What is expected →
Everything from the line with "La reine Elizabeth" to the end of the data below, both lines included, should be transcribed exactly; please omit the pictures.

──────── Data below

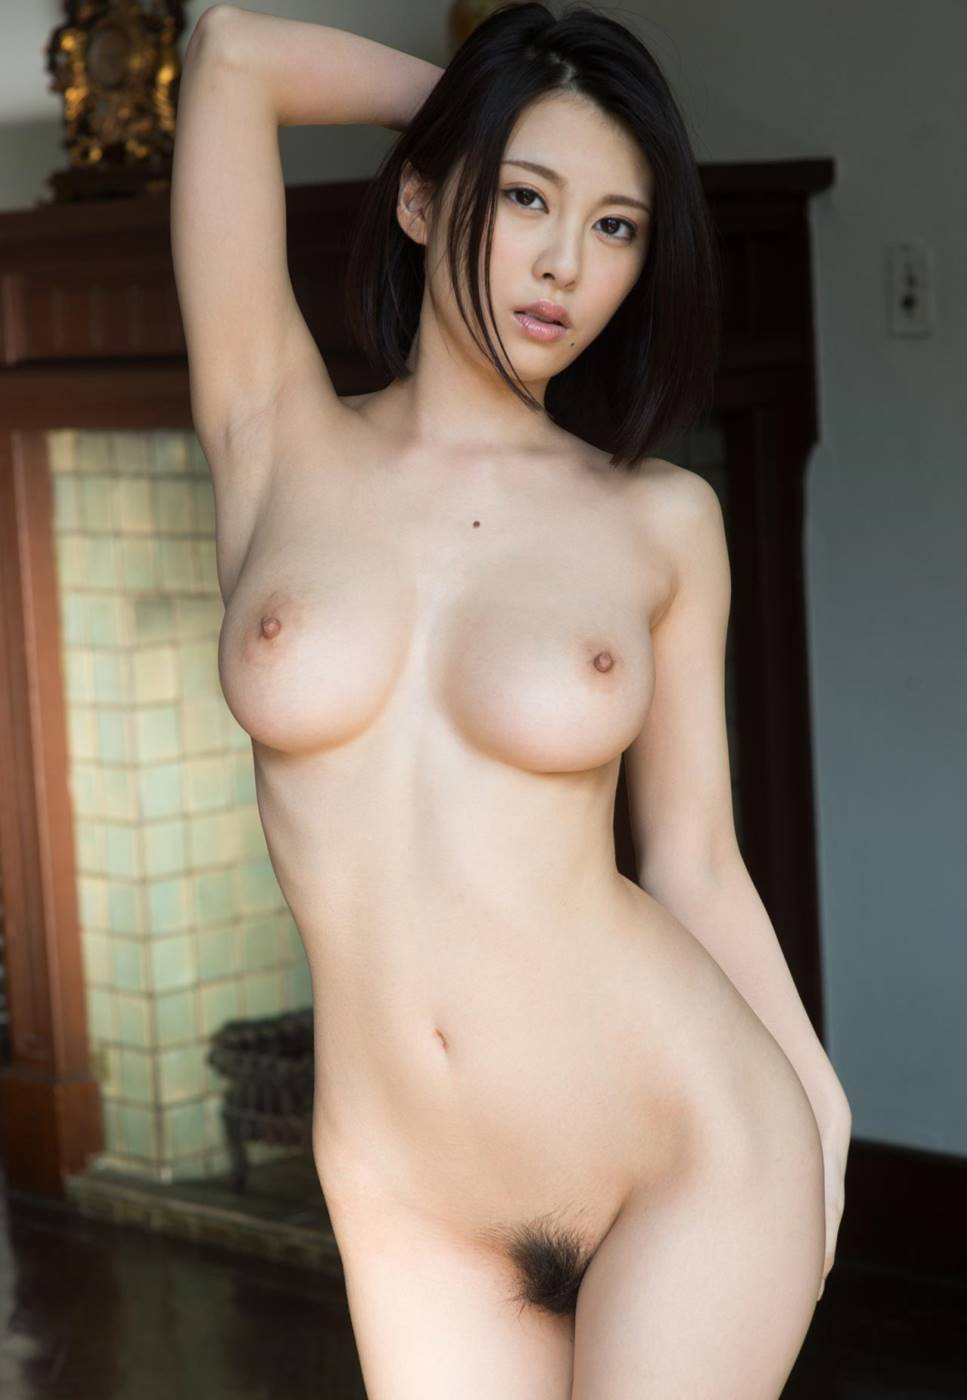 松岡ちな おっぱいで抜ける美巨乳ヌード画像
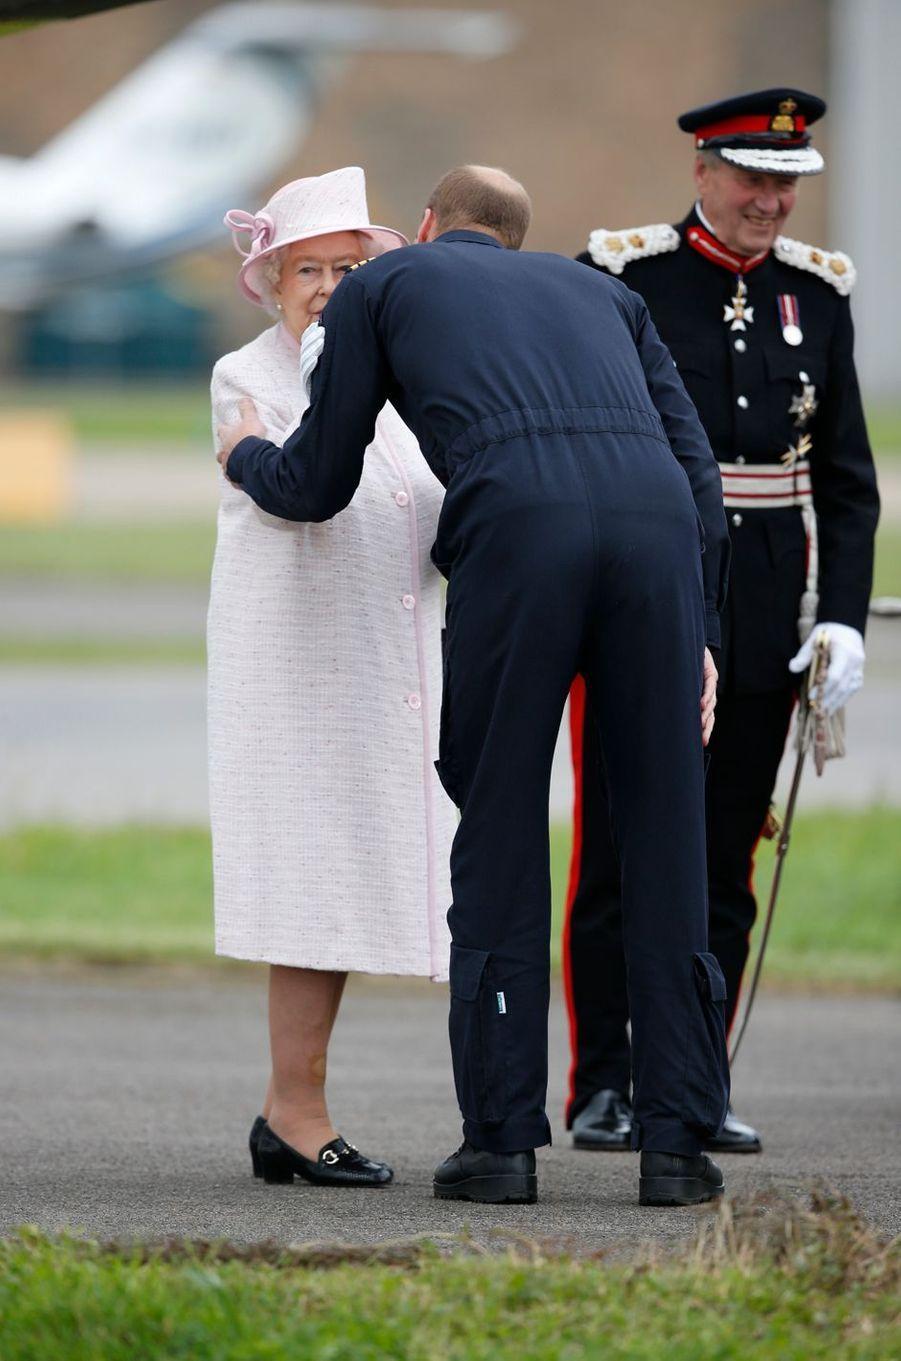 La reine Elizabeth II avec son petit-fils le prince William à Cambridge, le 13 juillet 2016
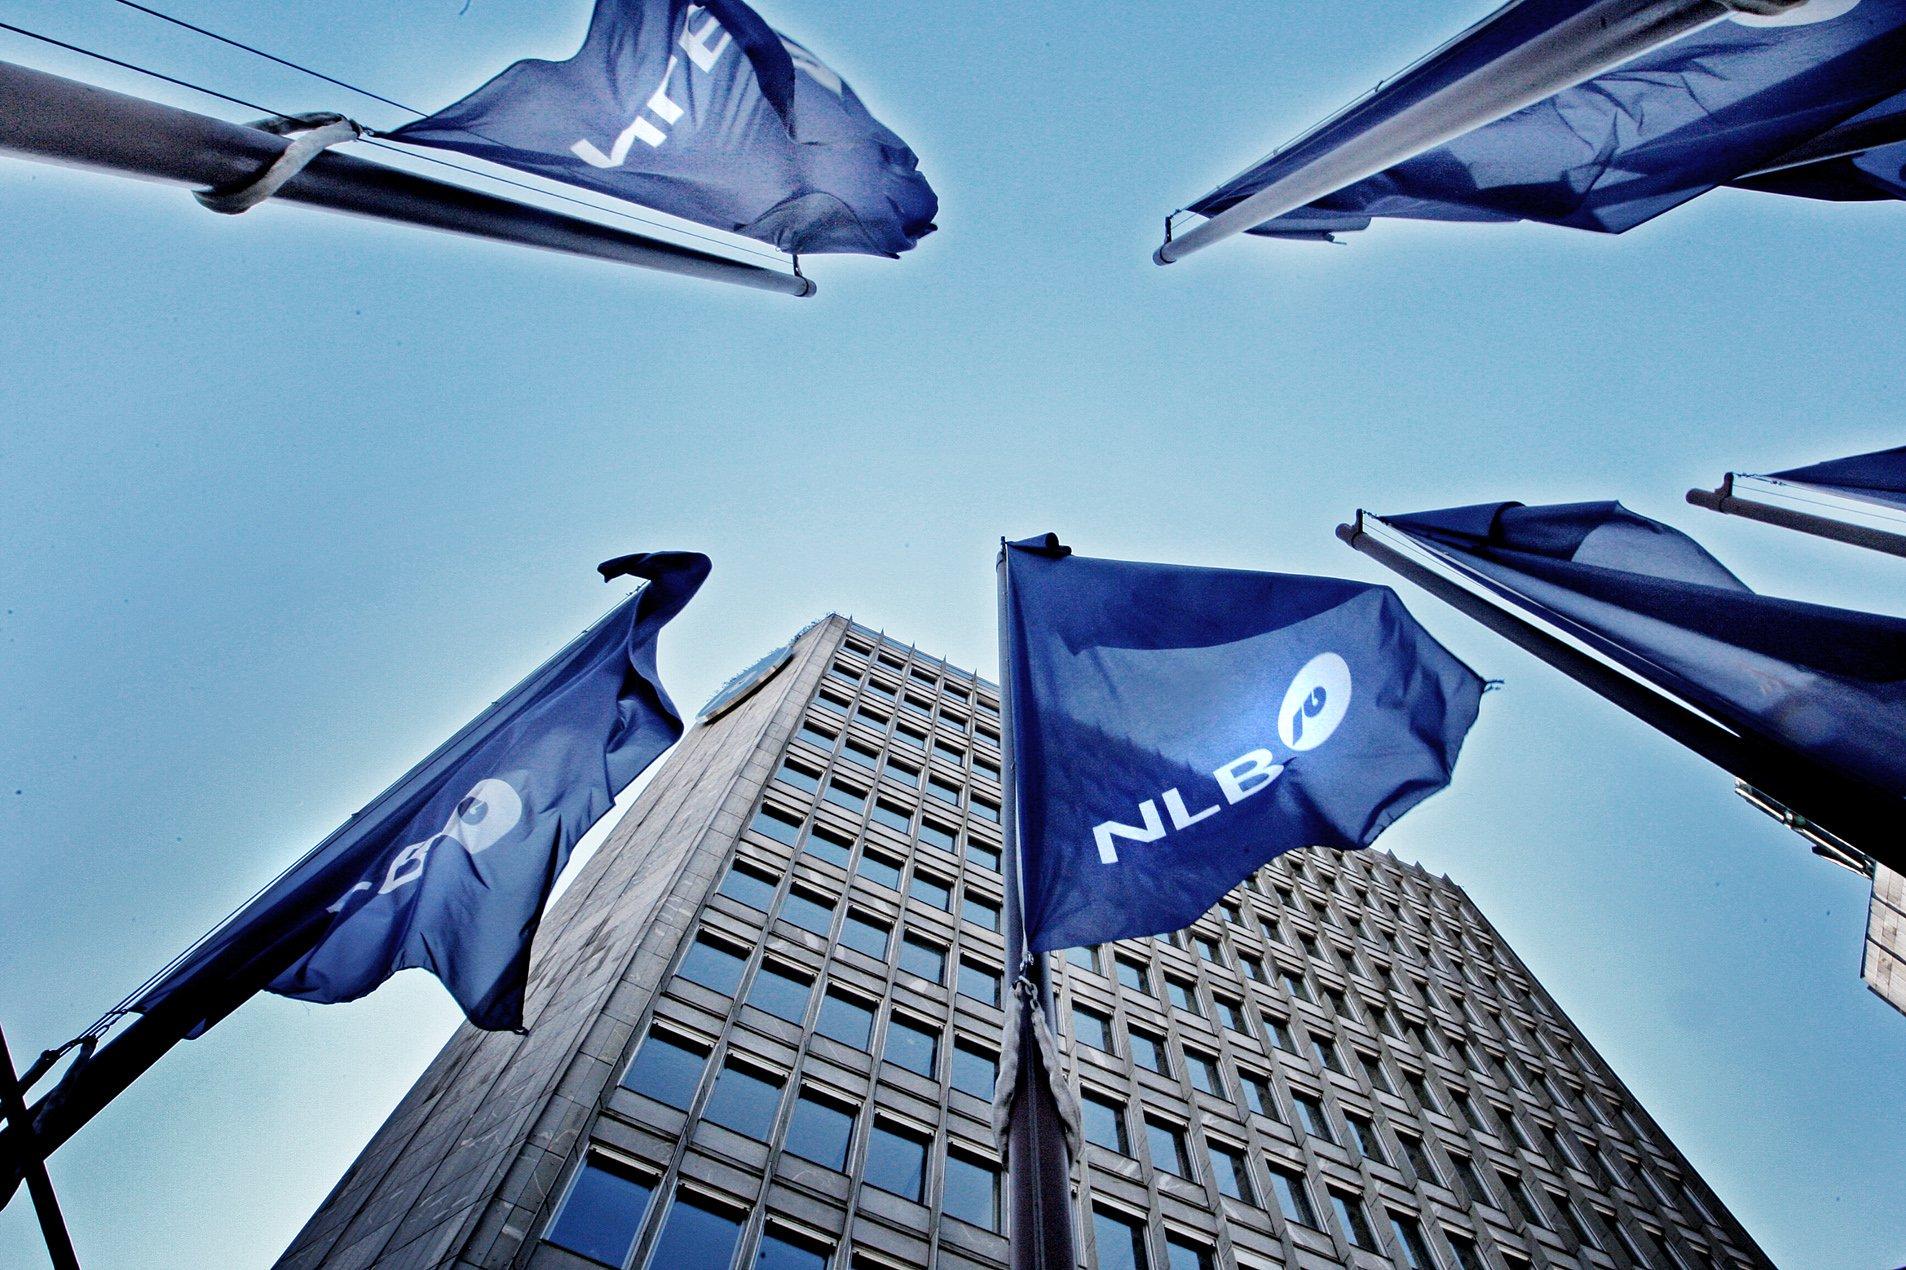 Заставе са логом НЛБ банке се вијоре испред управне зграде банке у Љубљани (Фото: File photo)
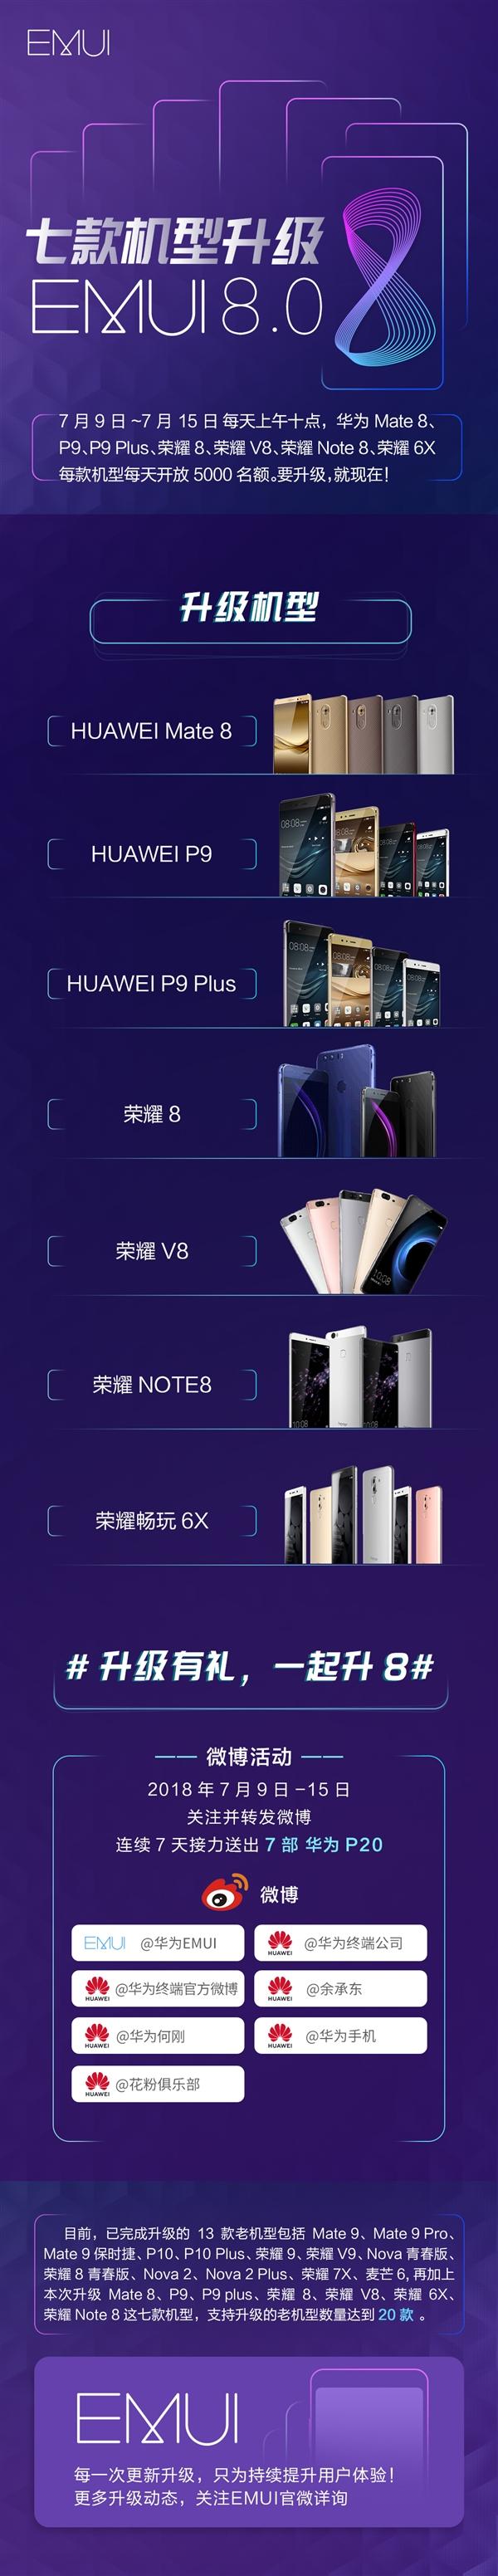 רשימת המכשירים שיעודכנו לאנדרואיד אוראו (מקור: Huawei)

────────────────

Response for this exercise →
 La reine Elizabeth II avec son petit-fils le prince William à Cambridge, le 13 juillet 2016
 Заставе са логом НЛБ банке се вијоре испред управне зграде банке у Љубљани (Фото: File photo)
 רשימת המכשירים שיעודכנו לאנדרואיד אוראו (מקור: Huawei)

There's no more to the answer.